You might want to do some of these things while you are getting ready. If I'm putting on make-up, I leave myself a good amount of time to do so as I don't like to rush through it (and I also want to be able to sip my tea at the same time!) Other ways you can empower yourself in the morning:
have a shower.
put on something that makes you feel like an absolute boss.
spray yourself with something nice. Smells are powerful.
cut your nails. Trimmed nails are healthy nails.
talk to yourself (not crazy, I promise. Well, maybe you are, I don't know.)
I honestly believe that setting yourself up for the day is the best thing you can do. Even if your day goes to absolute sh*t, at least you started off with a positive mindset, and this has the potential to affect how you move through the setbacks.
There are some things I try to avoid in the morning, such as watching or listening to the news, and engaging in too much deep debate with family whilst I'm still waking up etc. I've found that these things don't set me up well for the day. There may also be things that you want to avoid in the morning too (and don't say work, ha.) Don't let them invade your space.

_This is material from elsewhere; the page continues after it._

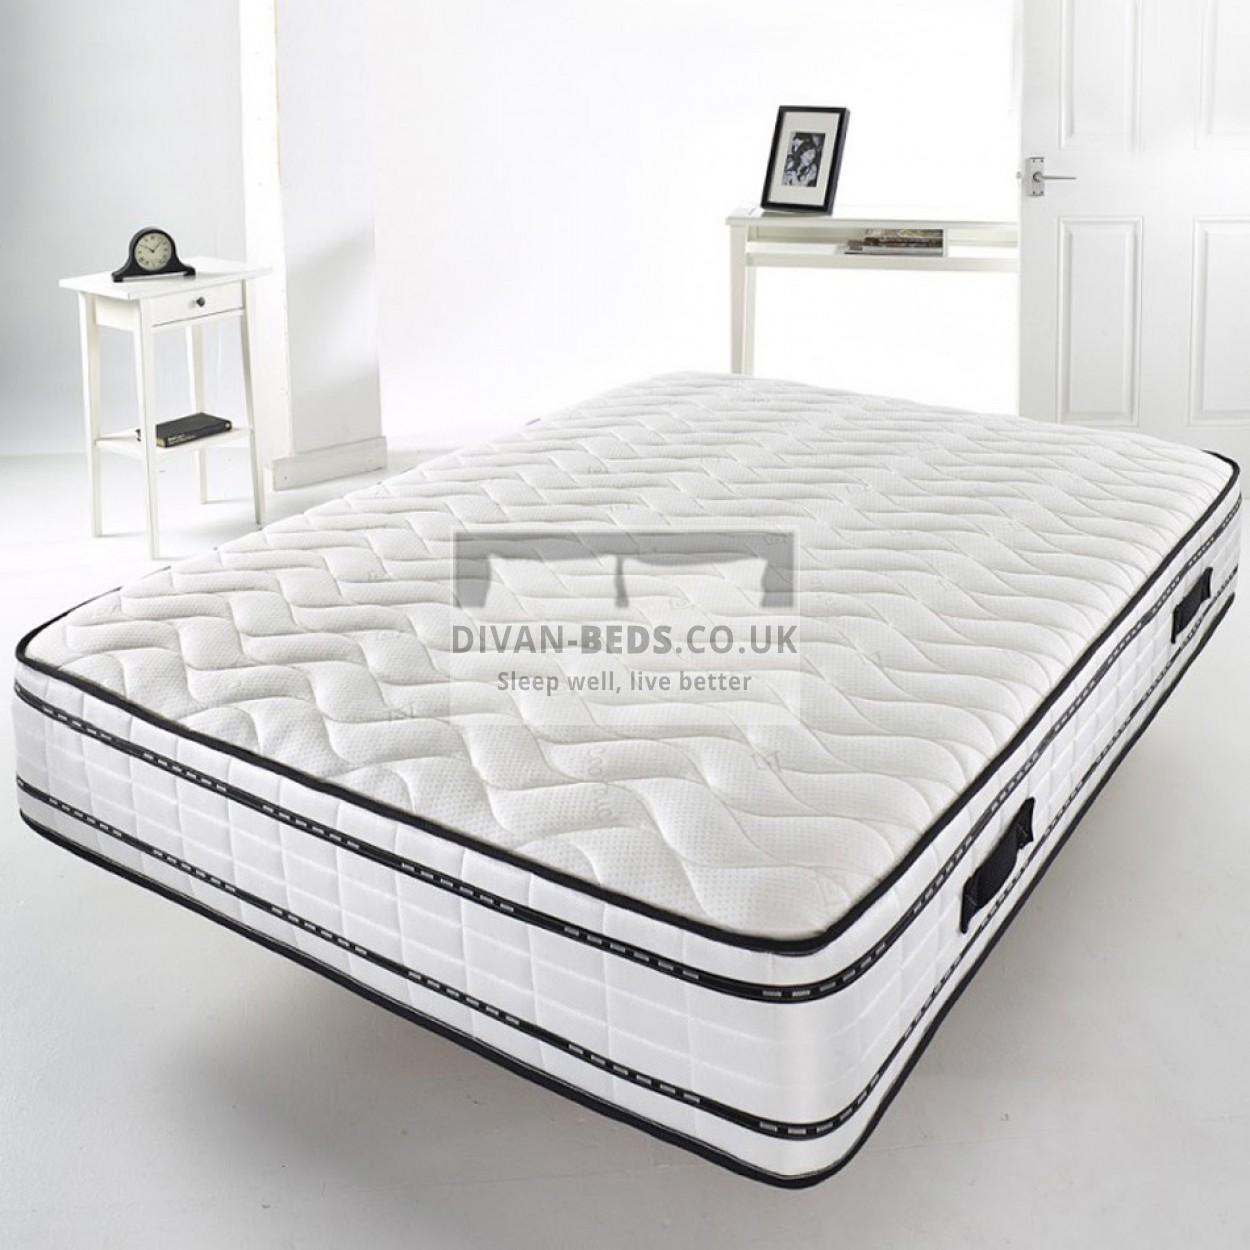 2000 pocket spring quilted memory foam mattress with. Black Bedroom Furniture Sets. Home Design Ideas

Start off with the people in your household on a positive note. It's a fresh day, and a fresh start. I don't usually talk to my family much first thing in the morning (if I did I'd end up getting frustrated!) That's just me. Maybe for you, good conversation is key to set you up for the day.
Finally, getting enough sleep the night before is always something I strive to do, and if I can do that then there's no reason why I can't get up early and subsequently allow myself to carry out some of these practices, which to some may seem indulgent. It's figuring out whatever works for you.
Thanks for reading! I hope you took some inspiration from this, and have a great rest of your week.